Secretary:  “The directors of the Thatcher Memorial Library have asked me again to remind you Mr. Thompson,”

Reporter:  “Yes, but……”

Secretary:  “of the conditions under which you may inspect certain portions of Mr. Thatcher’s unabridged memoirs.”

Reporter:  “I know, but…….”

Secretary:  (into phone) “I’ll bring him right in. Under no circumstances are direct quotations from his manuscript to be used by you.”

Reporter:  “I’m just looking for one…….”

Secretary:  Mr. Thompson, you will be required to leave this room at 12:30 promptly. You will confine yourself, it is our understanding, to the chapters in Mr. Thatcher’s manuscript regarding Mr. Kane.

This little scene from Citizen Kane, largely overlooked, is a frightening reminder of the power that certain people have to restrict information from being put out to the general population. Information that can be vitally important yet reveal secrets that can be embarrassing.

On Saturday, May 18 Floridians Against the Trans-Pacific Partnership, along with Central Florida AFL-CIO and the Communication Workers of America held a forum to discuss the negative impact that the TPP would have across the region as well as the rest of the country and it’s not pretty. In my last article on the TPP, The Enemy Beneath, These dangers were well spelled out along with some compelling videos of speakers at the last gathering in Tampa. I need not repeat them here since the several speakers did an excellent job of representing their positions.

Lorraine Tuliano, head of Central Florida’s Central Labor Council for the AFL-CIO explained how the middle class and working families are affected by these “Investor State” trade deals. Marjorie Holt of the Sierra Club spoke about the effect that “Fracking” and other procedures would have on our fragile environment. Steve Wisniewski, President of CWA Local 3108 spoke about the lowering of standards that the TPP would allow for. Activists Jim Howe and Cherie Faircloth presented a statement from Public Citizen Global Trade Watch stating how harmful the TPP is as it is shaping up. Tim Murray of Organize now was a featured speaker admonishing the assembled group to become active because our elected officials need to hear from us constantly.
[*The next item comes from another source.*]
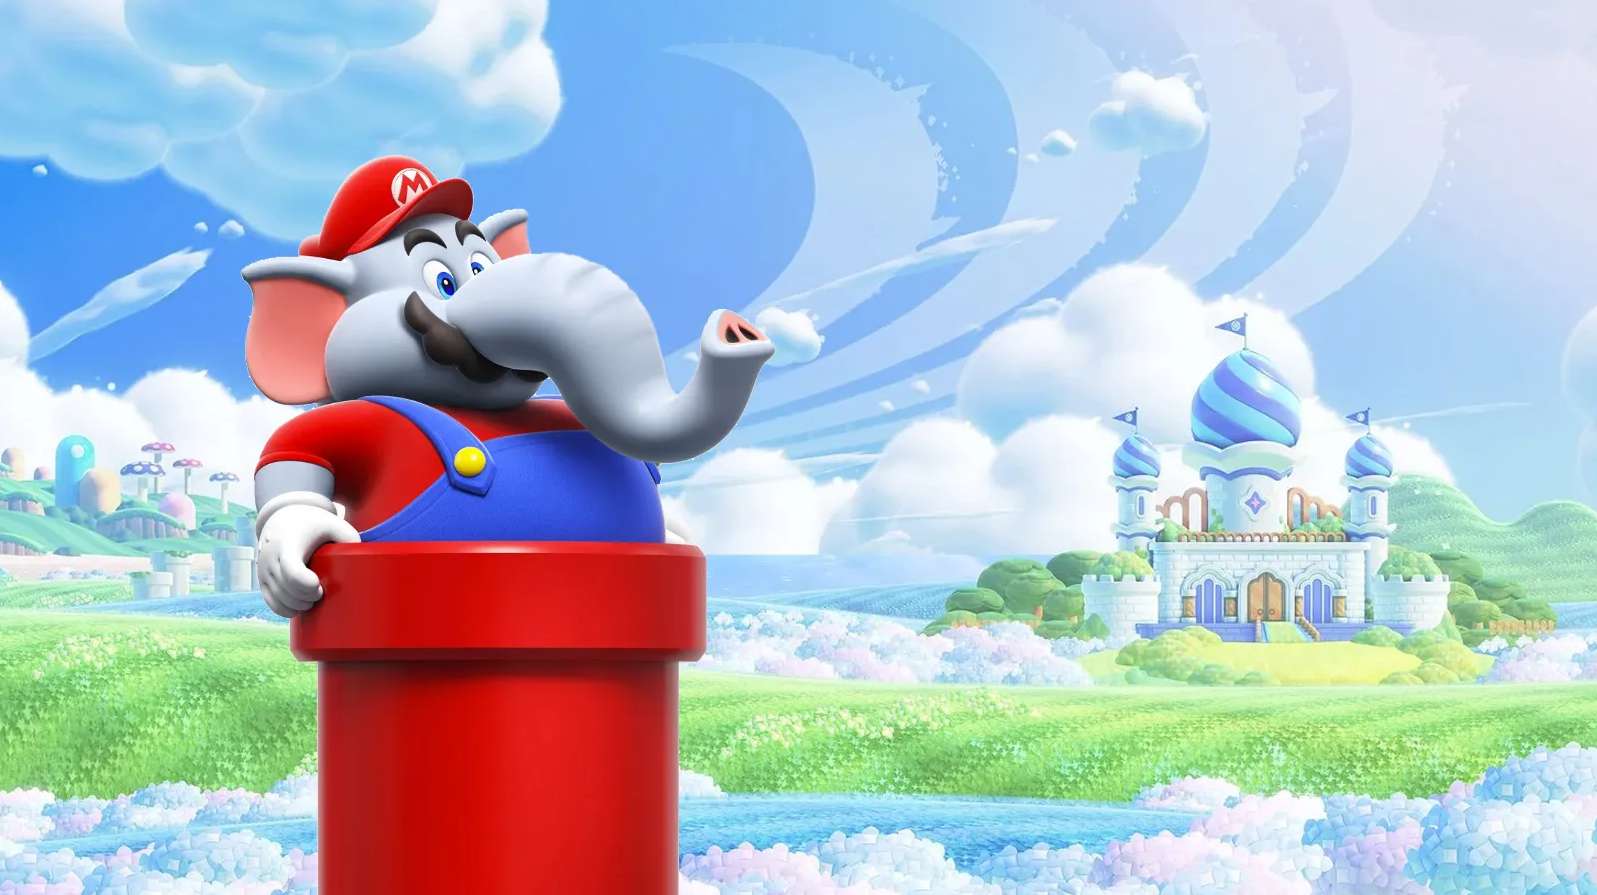 Recenzja gry Super Mario Bros. Wonder. To jedna z najlepszych gier na Switcha!

Special guest speaker of the evening was Congressman Alan Grayson of Florida’s 9th district, who is one of but a handful of legislators that are aware of the TPP and its potential damage as well as the Trans Atlantic Free Trade Agreement. He spoke off the cuff without notes for about twenty minutes in a very relaxed erudite manner about what is happening with these FTAs and what he and others are doing about it. That little scene at the Thatcher Memorial Library is a grim reminder of what he had to go through after several attempts were made by other members of Congress including Sen. Jeff Merkley to see documents referring to the TPP and were denied access. Grayson was successful in getting permission to see exactly one document in his office in early June with the provision that no one on his staff can be there and that he can’t take any notes and he only has a limited time in which to view the document. Obviously these people don’t know who they are dealing with. He is a fierce debater and doesn’t suffer fools at all. This was not the “Don’t get sick” bombastic Alan Grayson. This was the scholarly, surgical Alan Grayson that completely eviscerated conservative pundit P.J. O’Rourke nationally on Bill Maher’s Real Time.. He can also dust it up with the best of them. At a health care rally several years ago I witnessed him go head to head with a Tea Party activist who wisely chose not to duke it out physically. Good thing too because besides being deceptively tall he has an enormous reach that most heavyweight boxers would love to have. Here’s the complete video of his anti TPP speech. After the speeches there was a question and answer period where several of the topics discussed were more fully covered.

The sixteenth round of talks is underway in Lima, Peru going on from May 15 through May 24. It is too late to do anything about the current talks; however there will be more talks in the future. At the moment Japan is negotiating to join and my sources (who for the moment must remain unnamed) tell me that too many unions are leaning towards accepting the TPP. There are some political benefits to be had in the short term, so they are sacrificing the American worker and America’s loss of sovereignty for some selfish gains. That’s unconscionable.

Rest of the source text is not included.